• Data block
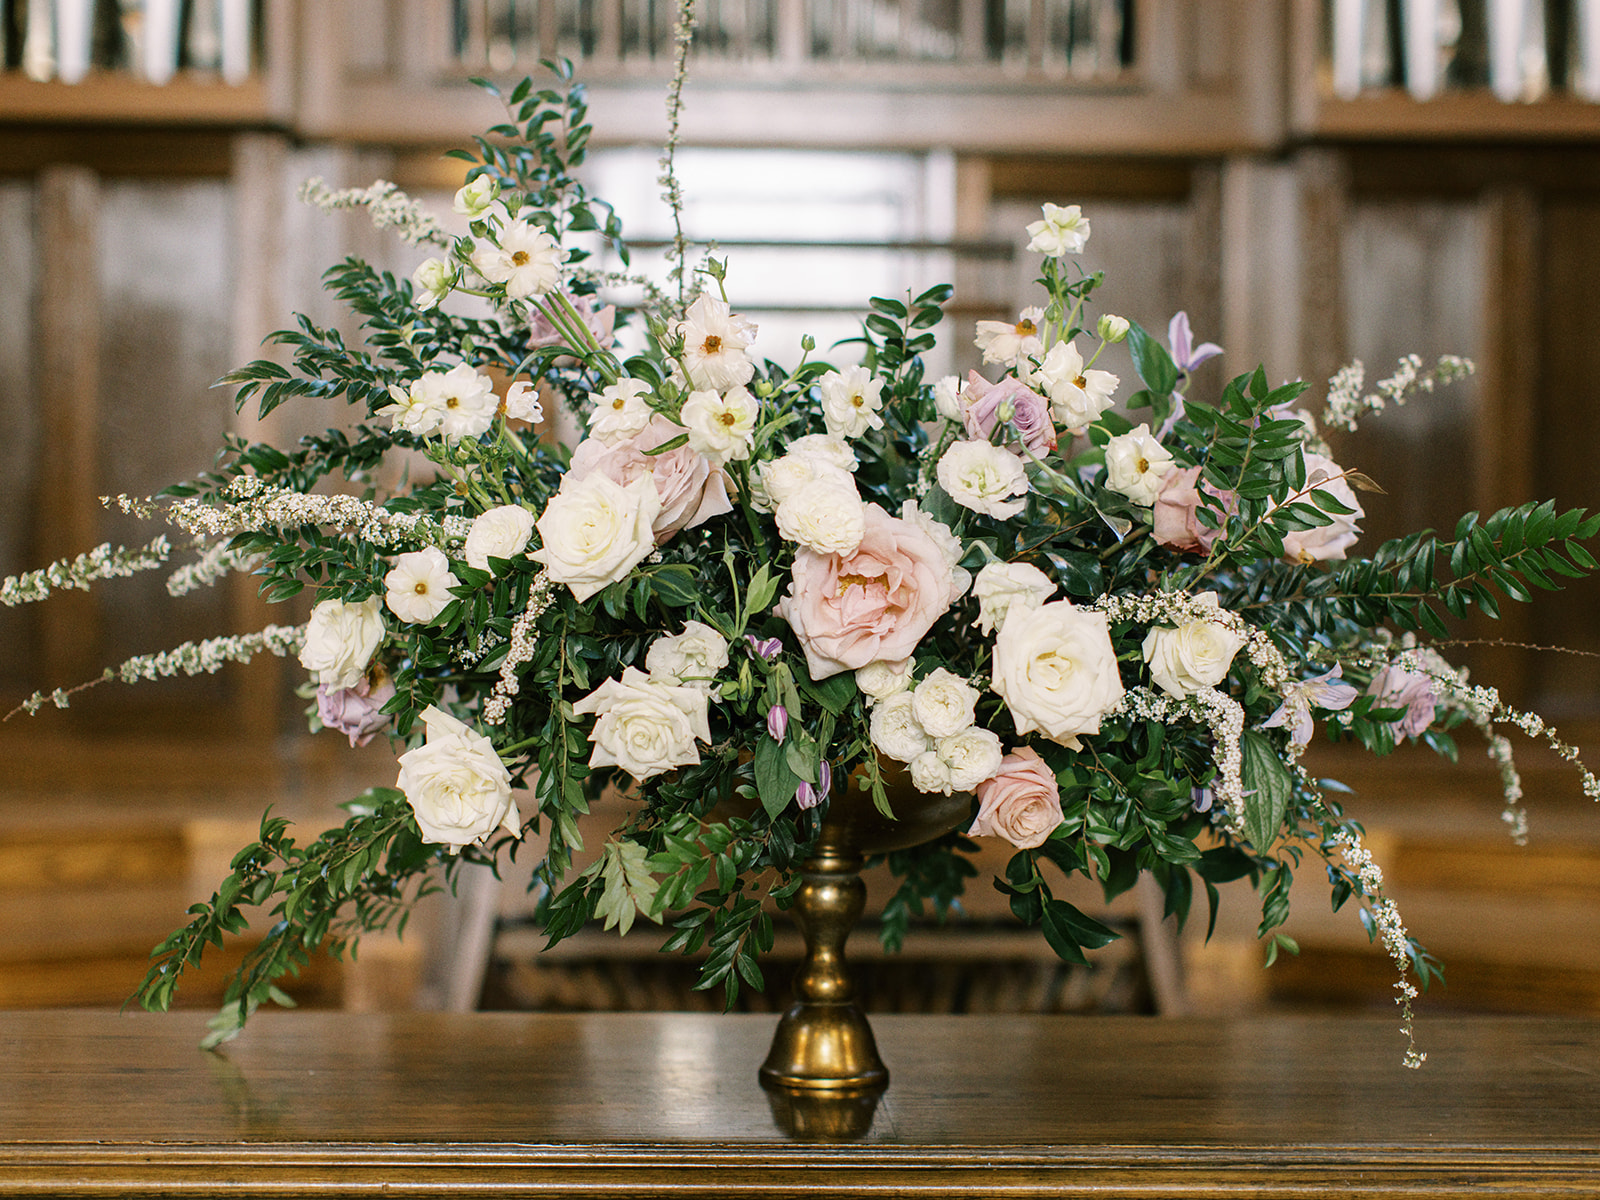 Spring cathedral wedding in the Scarritt Bennett Center in downtown Nashville, TN. Classic floral accents of garden urns and aisle markers in hues of white, green, cream, mauve, and lavender featuring roses, peonies, ranunculus, clematis, and spirea. Design by Rosemary and Finch Floral Design in Nashville, TN. 
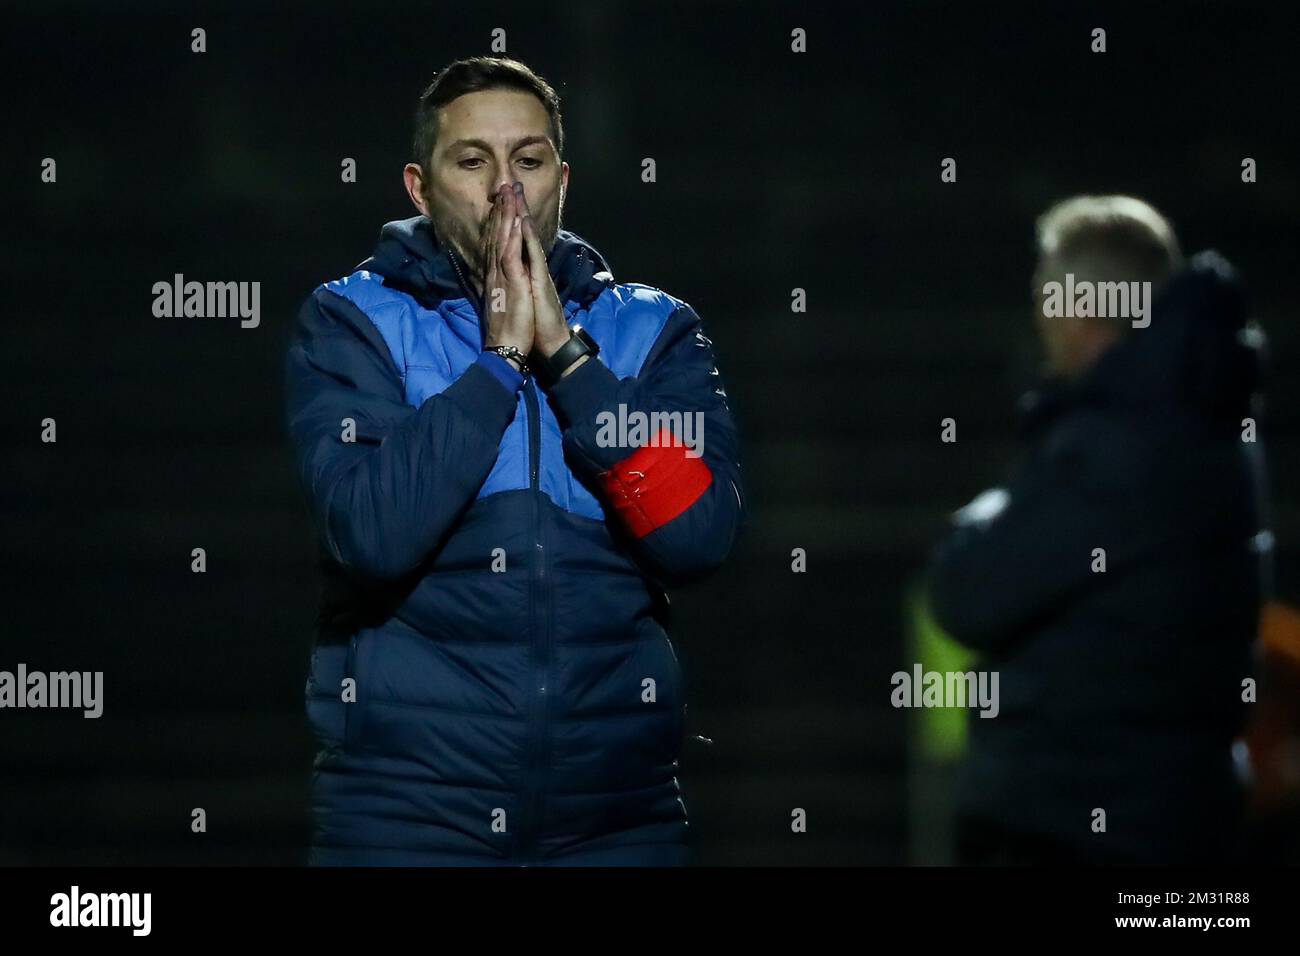 Roeselare's head coach Christophe Gamel pictured during a soccer match between KSV Roeselare and Lommel SK, Saturday 30 November 2019 in Roeselare, on day 17 of the 'Proximus League' 1B division of the Belgian soccer championship. BELGA PHOTO DAVID PINTENS Stock Photo
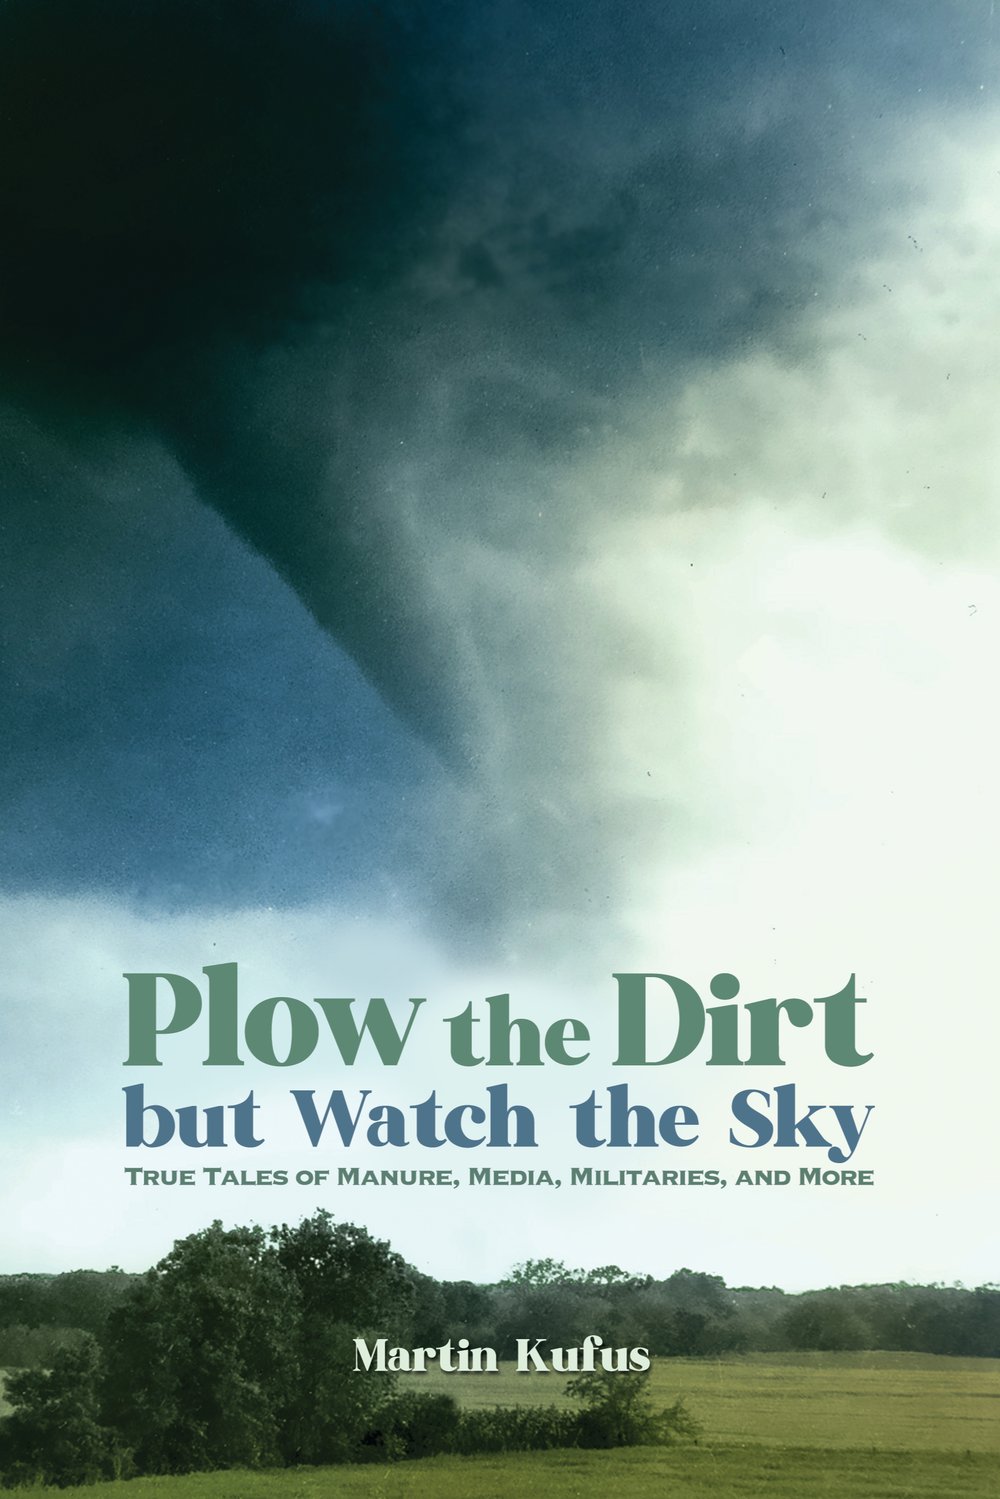 Book cover for "Plow the Dirt but Watch the Sky: True Tales of Manure, Media, Militaries, and More."

• Action item
Omit every picture, then repeat the remaining data exactly as it appears above.

• Expected answer
 Spring cathedral wedding in the Scarritt Bennett Center in downtown Nashville, TN. Classic floral accents of garden urns and aisle markers in hues of white, green, cream, mauve, and lavender featuring roses, peonies, ranunculus, clematis, and spirea. Design by Rosemary and Finch Floral Design in Nashville, TN. 
 Roeselare's head coach Christophe Gamel pictured during a soccer match between KSV Roeselare and Lommel SK, Saturday 30 November 2019 in Roeselare, on day 17 of the 'Proximus League' 1B division of the Belgian soccer championship. BELGA PHOTO DAVID PINTENS Stock Photo
 Book cover for "Plow the Dirt but Watch the Sky: True Tales of Manure, Media, Militaries, and More."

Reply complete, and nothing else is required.